### Task to complete
From the data below, repeat everything exactly except the images.

### Data provided

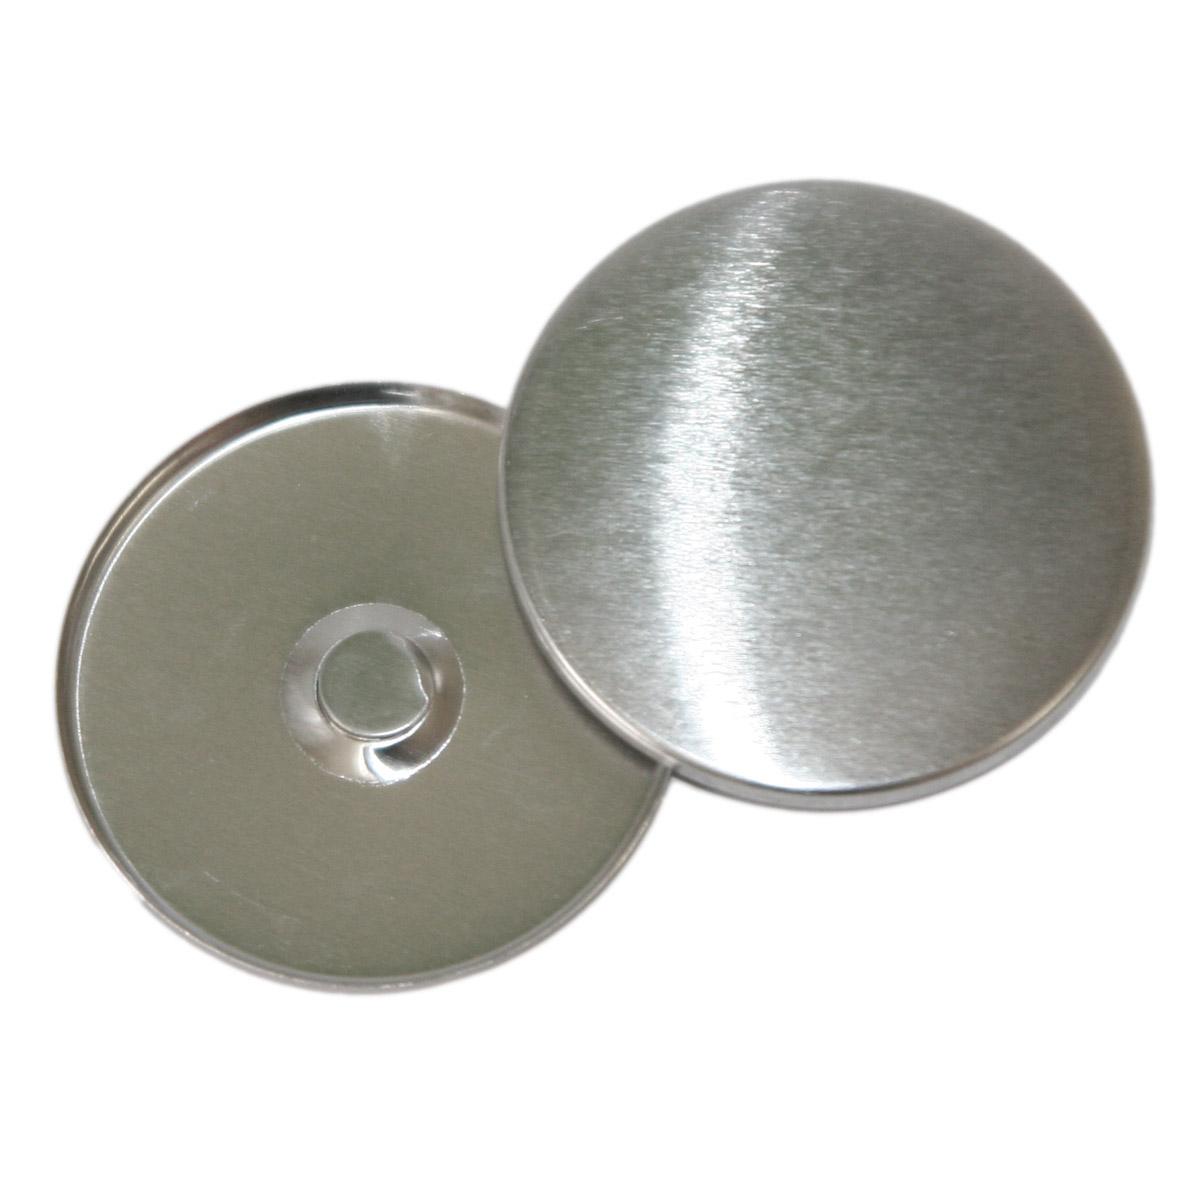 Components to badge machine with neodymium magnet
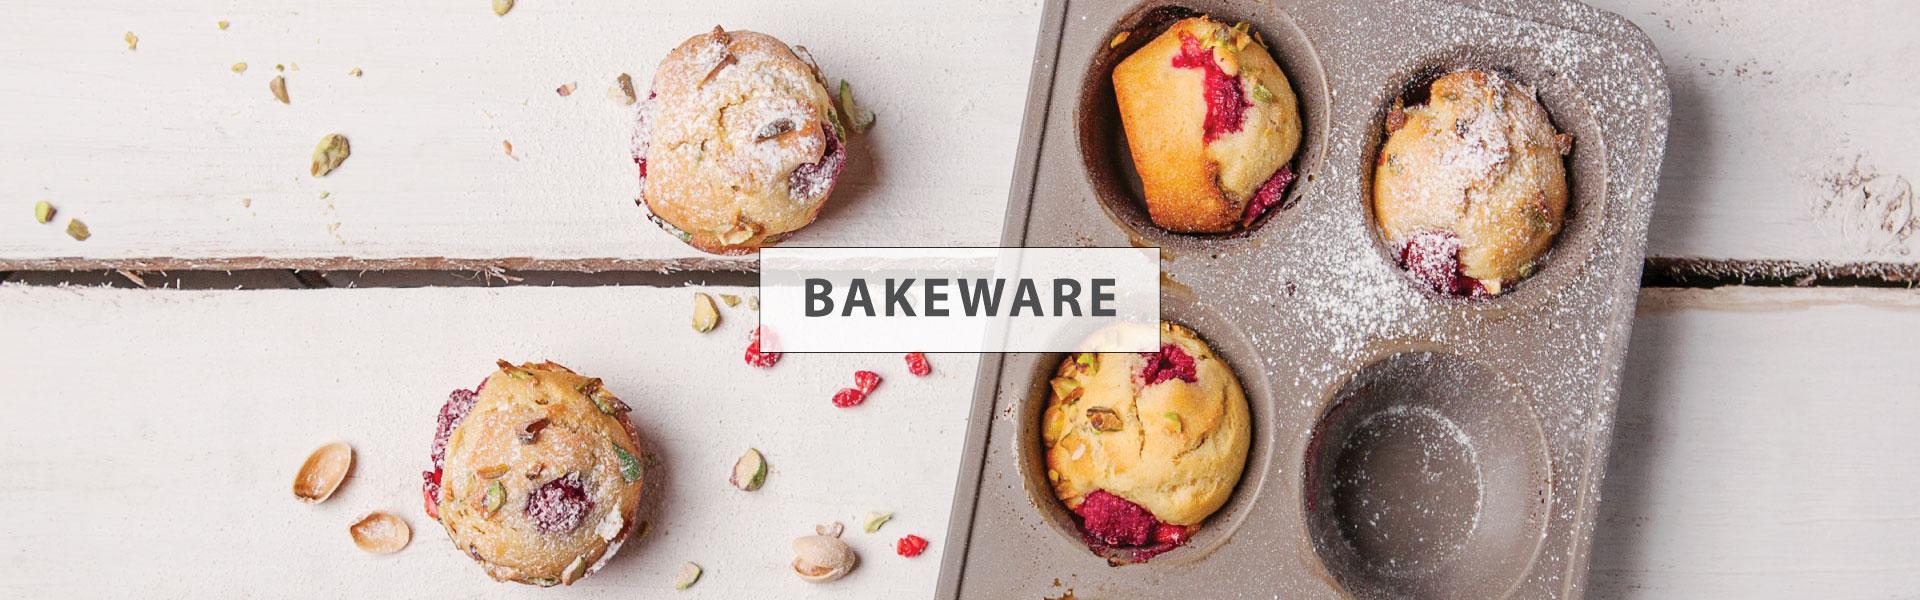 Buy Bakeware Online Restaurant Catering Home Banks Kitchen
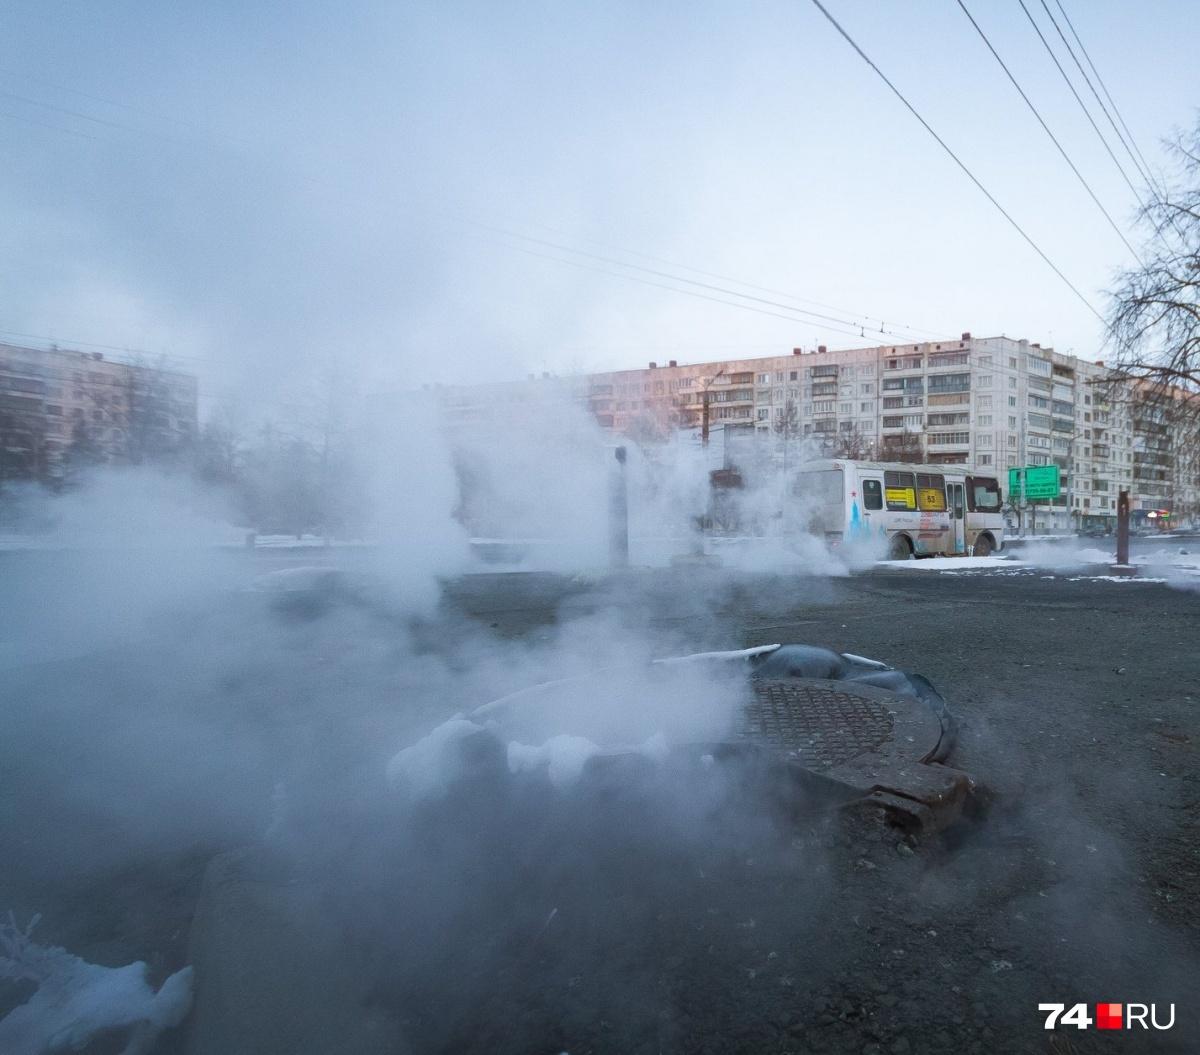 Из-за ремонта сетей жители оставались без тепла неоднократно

### Result of this task
 Components to badge machine with neodymium magnet
 Buy Bakeware Online Restaurant Catering Home Banks Kitchen
 Из-за ремонта сетей жители оставались без тепла неоднократно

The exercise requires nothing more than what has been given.